Modalità di selezione

La procedura si articola in due fasi, come indicato espressamente nell'avviso: valutazione dei titoli e colloquio. Uno schema ormai consolidato per le mobilità intercompartimentali, che consente alla commissione di valutare in modo integrato il percorso professionale e le competenze tecniche del candidato.

La valutazione dei titoli terrà conto tipicamente di:

  • titoli di studio posseduti (laurea, master, dottorati, corsi di specializzazione)
  • esperienza professionale maturata in posizioni analoghe presso pubbliche amministrazioni
  • incarichi di responsabilità ricoperti
  • pubblicazioni e attività formative pertinenti

Il colloquio, che rappresenta il momento decisivo della procedura, sarà orientato ad accertare non solo le competenze tecniche specifiche in materia di gestione del patrimonio immobiliare pubblico, ma anche le attitudini relazionali, la capacità di lavorare per obiettivi e la conoscenza del quadro normativo di riferimento, dal Codice dei contratti pubblici alla disciplina della contabilità di Stato.

Sede di lavoro e inquadramento

La sede di servizio delle due posizioni è Roma, presso gli uffici della Direzione Amministrazione e Patrimonio dell'ACI. L'ente ha il proprio quartier generale storico nella Capitale, dove sono concentrate le principali strutture direzionali.

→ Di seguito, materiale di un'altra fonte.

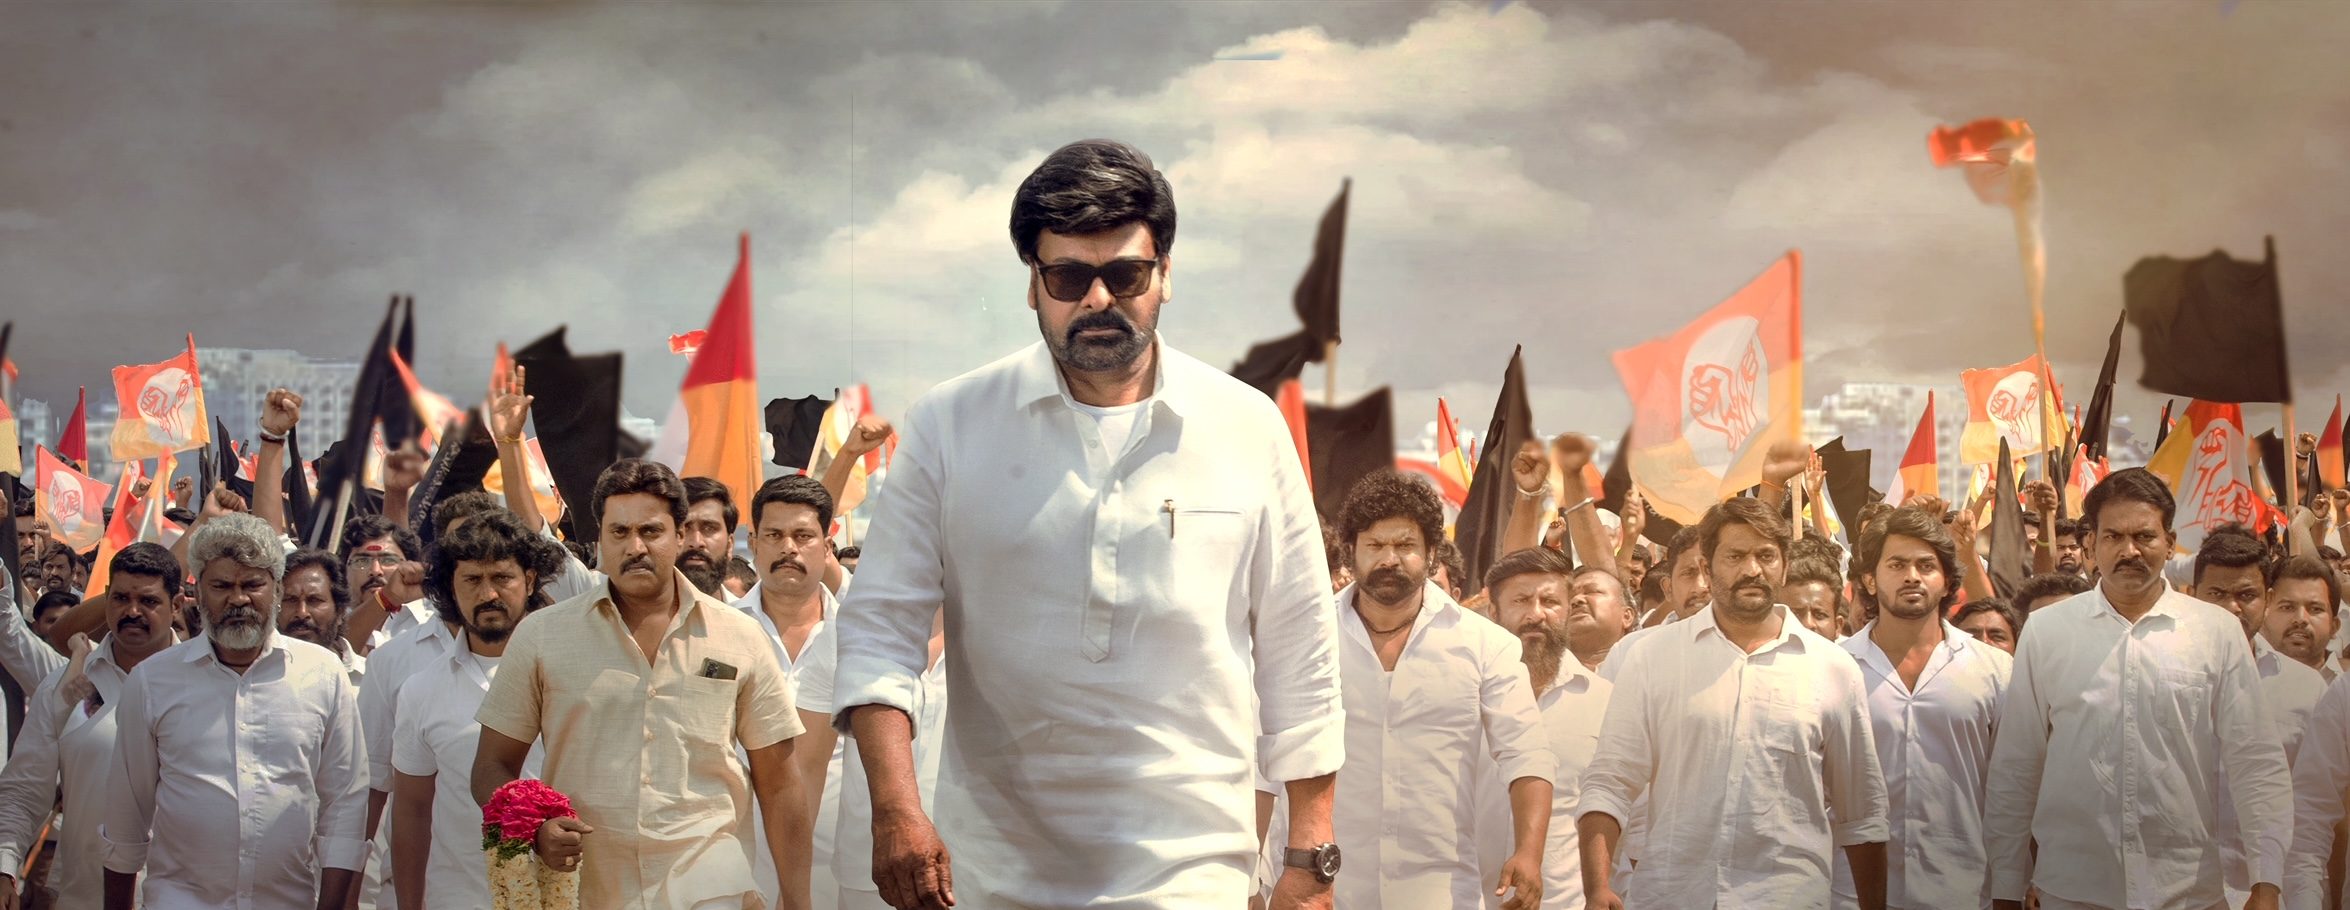 Godfather film review: An absolute entertainer from Chiranjeevi and Mohan Raja

L'inquadramento economico e giuridico dei vincitori sarà quello previsto dal CCNL del Comparto Funzioni Centrali per l'Area dei Funzionari, con conservazione dell'anzianità maturata presso l'amministrazione di provenienza, secondo quanto previsto dalla normativa vigente in materia di mobilità volontaria. Il passaggio, come noto, avviene senza soluzione di continuità del rapporto di lavoro e senza necessità di sostenere un nuovo periodo di prova.

FAQ - Domande frequenti

Chi può partecipare all'avviso di mobilità ACI per funzionari?

Possono presentare domanda i dipendenti a tempo indeterminato delle pubbliche amministrazioni indicate all'art. 1, comma 2, del D.Lgs. 165/2001, inquadrati nell'Area dei Funzionari (o area equivalente in altri comparti). È inoltre richiesto il superamento del periodo di prova presso l'ente di appartenenza e, dove previsto, il nulla osta preventivo alla mobilità.

Qual è il termine ultimo per presentare la domanda?

La scadenza è fissata alle ore 9:59 del 30 settembre 2026. Le domande pervenute oltre tale termine non saranno prese in considerazione. Si consiglia di procedere all'invio con congruo anticipo per evitare problemi tecnici legati al portale telematico.

Serve il nulla osta dell'amministrazione di appartenenza per candidarsi?

Dipende dalle indicazioni contenute nel testo integrale dell'avviso. In molte procedure di mobilità è sufficiente presentare la domanda accompagnata dall'impegno dell'amministrazione di provenienza a rilasciare il nulla osta in caso di esito positivo della selezione. In altri casi, invece, il nulla osta preventivo è richiesto già in fase di candidatura. È fondamentale leggere con attenzione la sezione dedicata dell'avviso.

Dove si svolgerà il colloquio e come sarà strutturata la selezione?

Il colloquio si terrà presumibilmente presso le sedi ACI di Roma, salvo diverse indicazioni della commissione esaminatrice che potrà anche prevedere modalità di svolgimento in videoconferenza. La procedura prevede due fasi: la valutazione dei titoli professionali e culturali e, successivamente, un colloquio orientato ad accertare le competenze specifiche in materia di gestione del patrimonio immobiliare pubblico.

Il passaggio all'ACI comporta la perdita dell'anzianità di servizio?

No. La mobilità volontaria ex art. 30 del D.Lgs. 165/2001 prevede la conservazione dell'anzianità di servizio maturata presso l'amministrazione di provenienza. Il rapporto di lavoro prosegue senza soluzione di continuità e non è richiesto un nuovo periodo di prova. L'inquadramento economico sarà quello previsto dal CCNL Funzioni Centrali per l'Area dei Funzionari.